Step 302: Obtaining the inference input signal vector 12 from the training dataset and obtaining the teacher signal vector 21.
Step 304: Transmitting the inference input signal vector 12 to the inference input nodes 102 and transmitting the teacher signal vector 21 to the teacher input nodes 201.
Step 306: Receiving the output signal vector 14 from the output nodes 104.
Step 308: Calculating the teacher signal vector 21 according to the output signal vector 14.
Step 310: End.
As mentioned above, in the training process 30, the computing model-X 20 may infer the relationship between the inference input signal vector 12 and the output signal vector 14 according to the associative learning rule. Moreover, In Step 308, the teacher signal vector 21 may be generated by the parameters of the inference input signal vector 12, the golden output signal vector 13, the output signal vector 14, the conditions of the surrounding where the computing model-X 20 located, or a combination thereof. Those skilled in the art may make modifications and alterations accordingly, and not limited herein. For example, when the computing model-X 20 is working in the 25 degrees Celsius environment, the teacher signal vector 21 is the same as the difference between the golden output signal vector 13 and the output signal vector 14. And, when the computing model-X 20 is at 75 degrees Celsius, the teacher signal vector 21 may be set to 1.5 times the difference to enforce the teaching strength because of signal noise ratio. In other words, Step 308 determines the teacher signal vector 21 according to the golden signal vector 13, which are determined according to the inference input signal vector 12, and the output signal vector 14.

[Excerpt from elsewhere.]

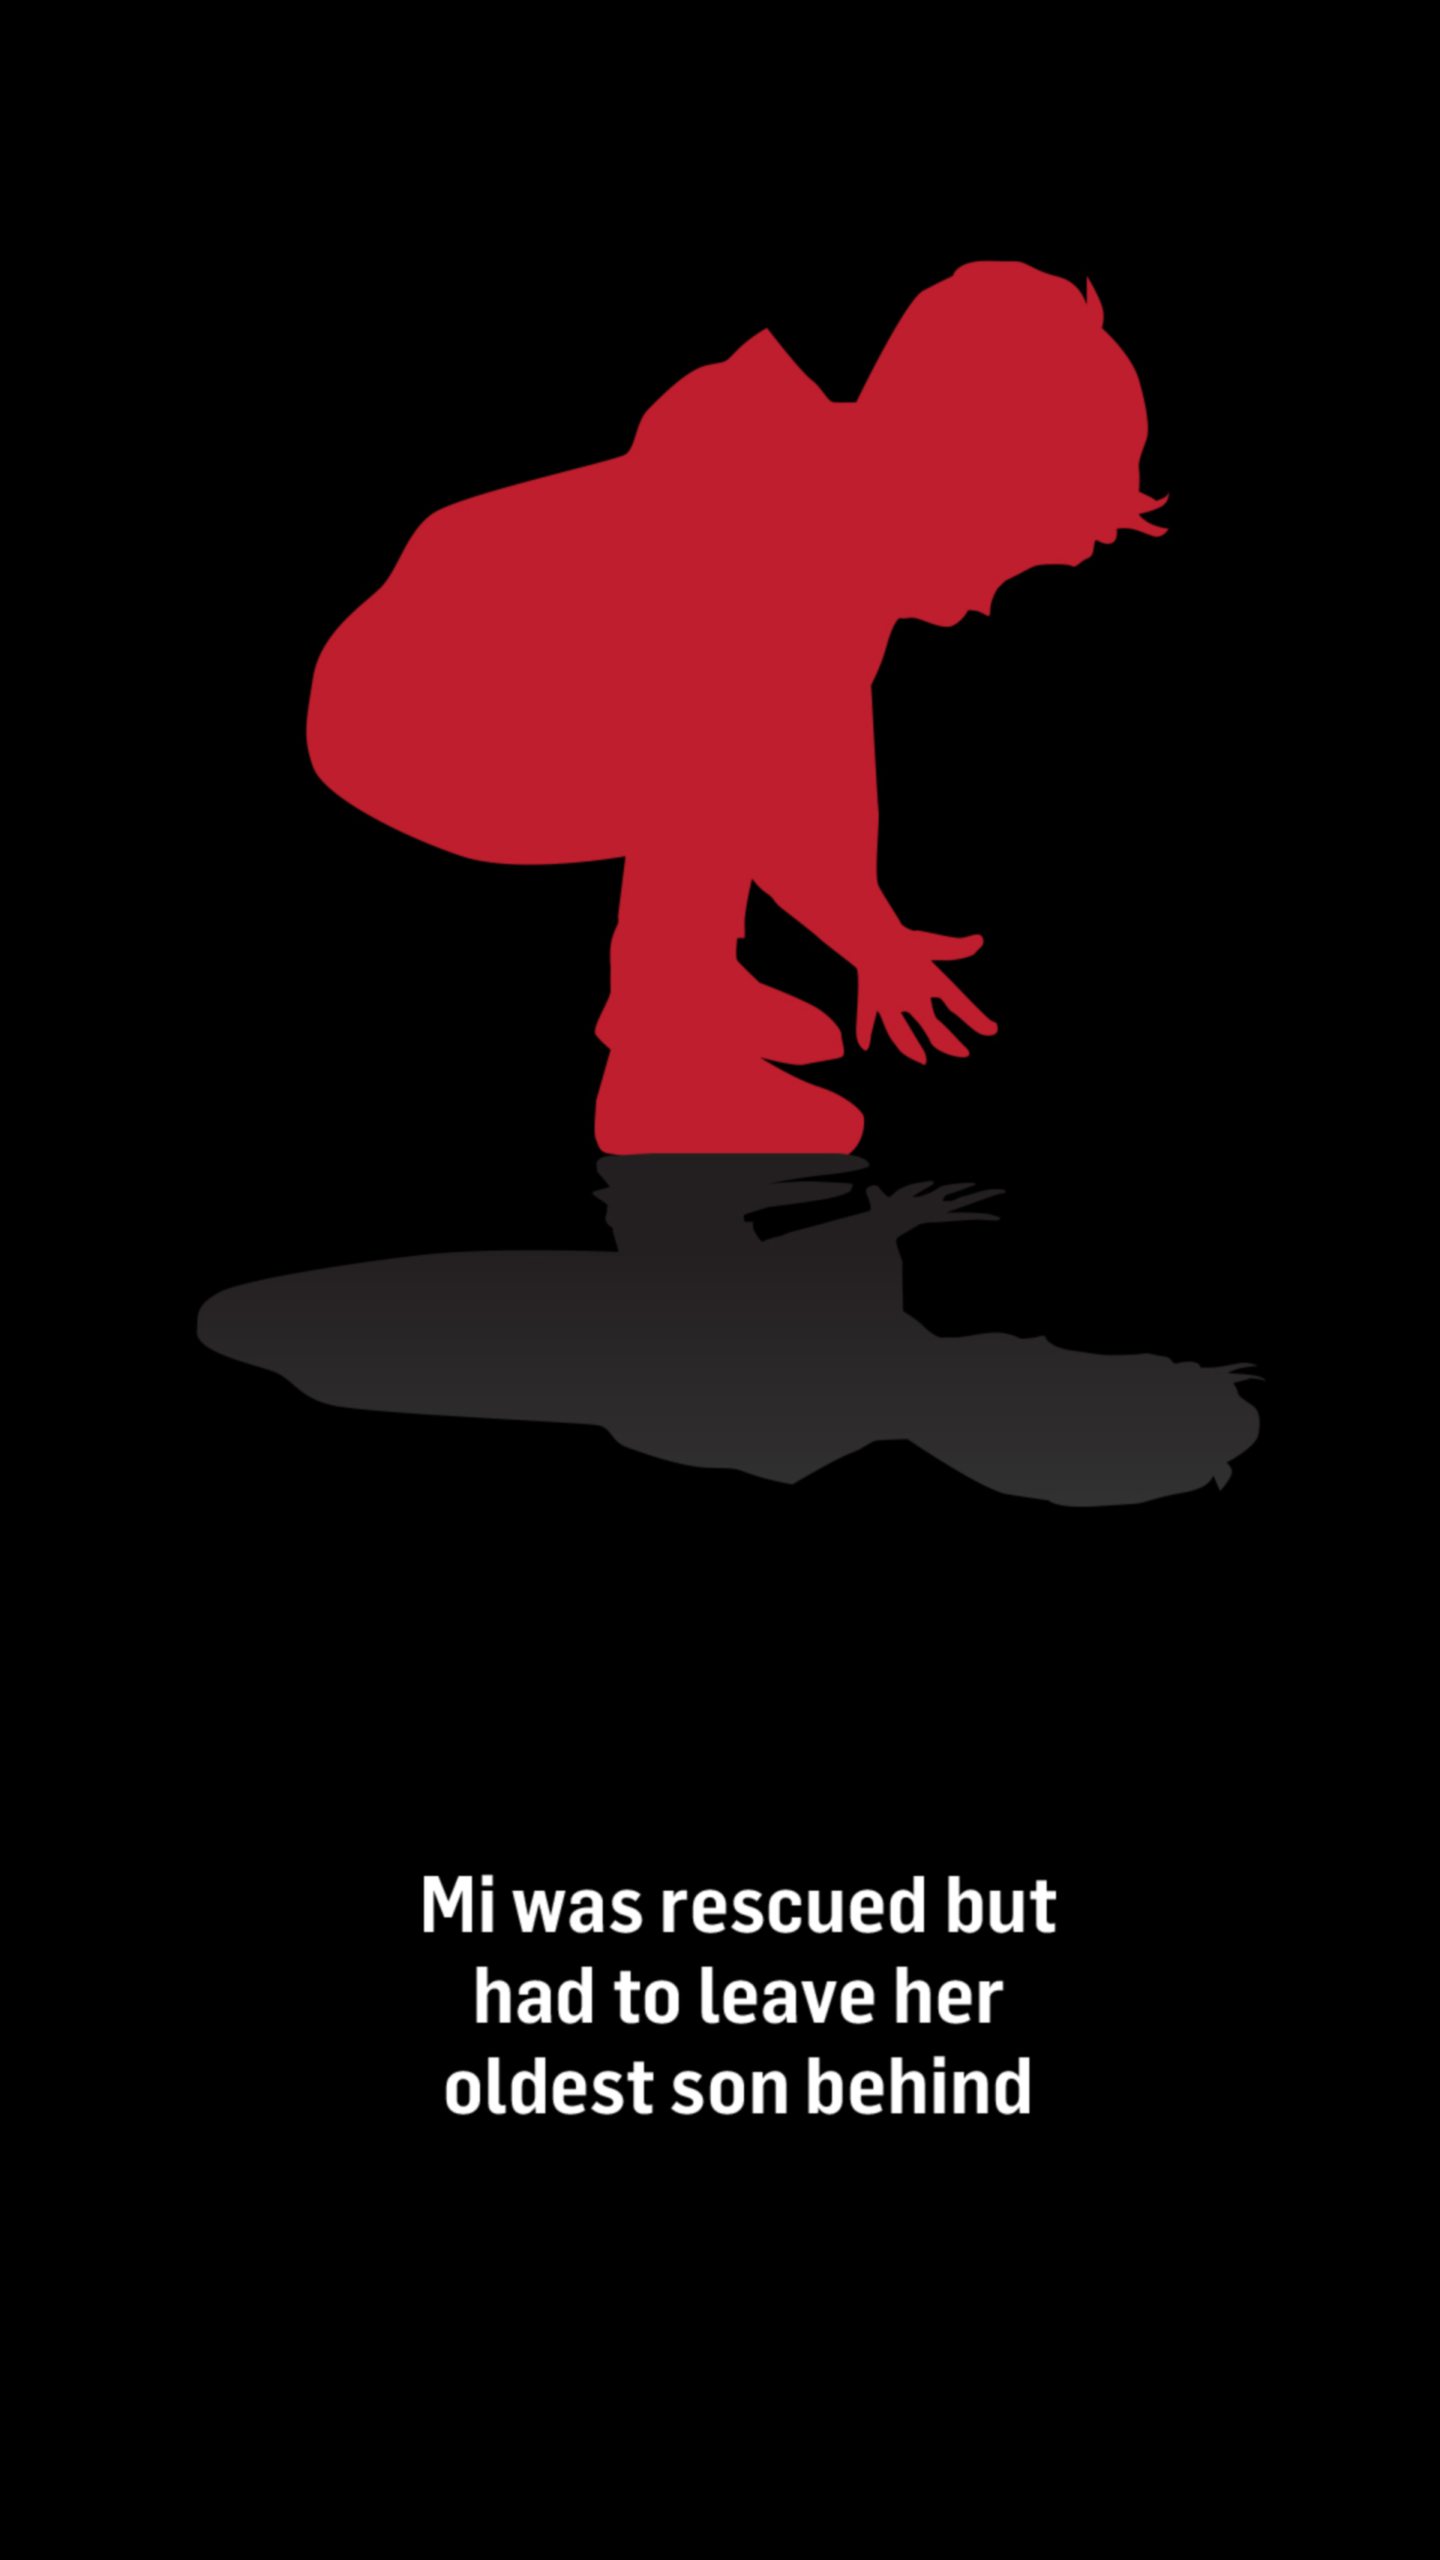 An illustration of a boy with his shadow below. Words below the image read: 

Mi was rescued but had to leave her oldest son behind.

The detailed operations of the training process 30 may be referred to the foregoing description, which are not narrated herein for brevity.
Notably, the training process 30 may be executed more than one time. For example, if the number of the training data sets in the training dataset is 100, then the training process 30 will undergo 100 times. As can be seen, the parameters of the computing model-X 20 may vary after the training procedure; that is, the output of the computing model-X 20 may vary even if the sets of the inference input signal vectors and the golden output signal vector is the same. Therefore, there may be some iteration over all inference input signal vectors from the dataset. In an embodiment, the number of the iteration is set to be 3; thus, each inference input signal vector 12 from the training dataset will be transmitted to the inference input nodes 102 for three times, and the golden output signal vector 13 is fixed at the predetermined value while the accompanying teacher signal vector 21 may vary in each time.
In an embodiment, after the inference input signal vector 12 is transmitted, the inference input signal vector 12 is kept at the inference input nodes to obtain the fittest teacher signal vector 21 (that is, another inference input signal vector with the same value is inputted to the computing model-X 20.) More specifically, an embodiment of the present invention transmits a first teacher signal to the teacher input nodes 201, receives a first output signal from the output nodes 104, and calculates the first teacher signal according to the first output signal. Moreover, the embodiment may transmit a second teacher signal to the teacher input nodes 201, receives a second output signal from the output nodes 104, and calculates the second teacher signal according to the second output signal.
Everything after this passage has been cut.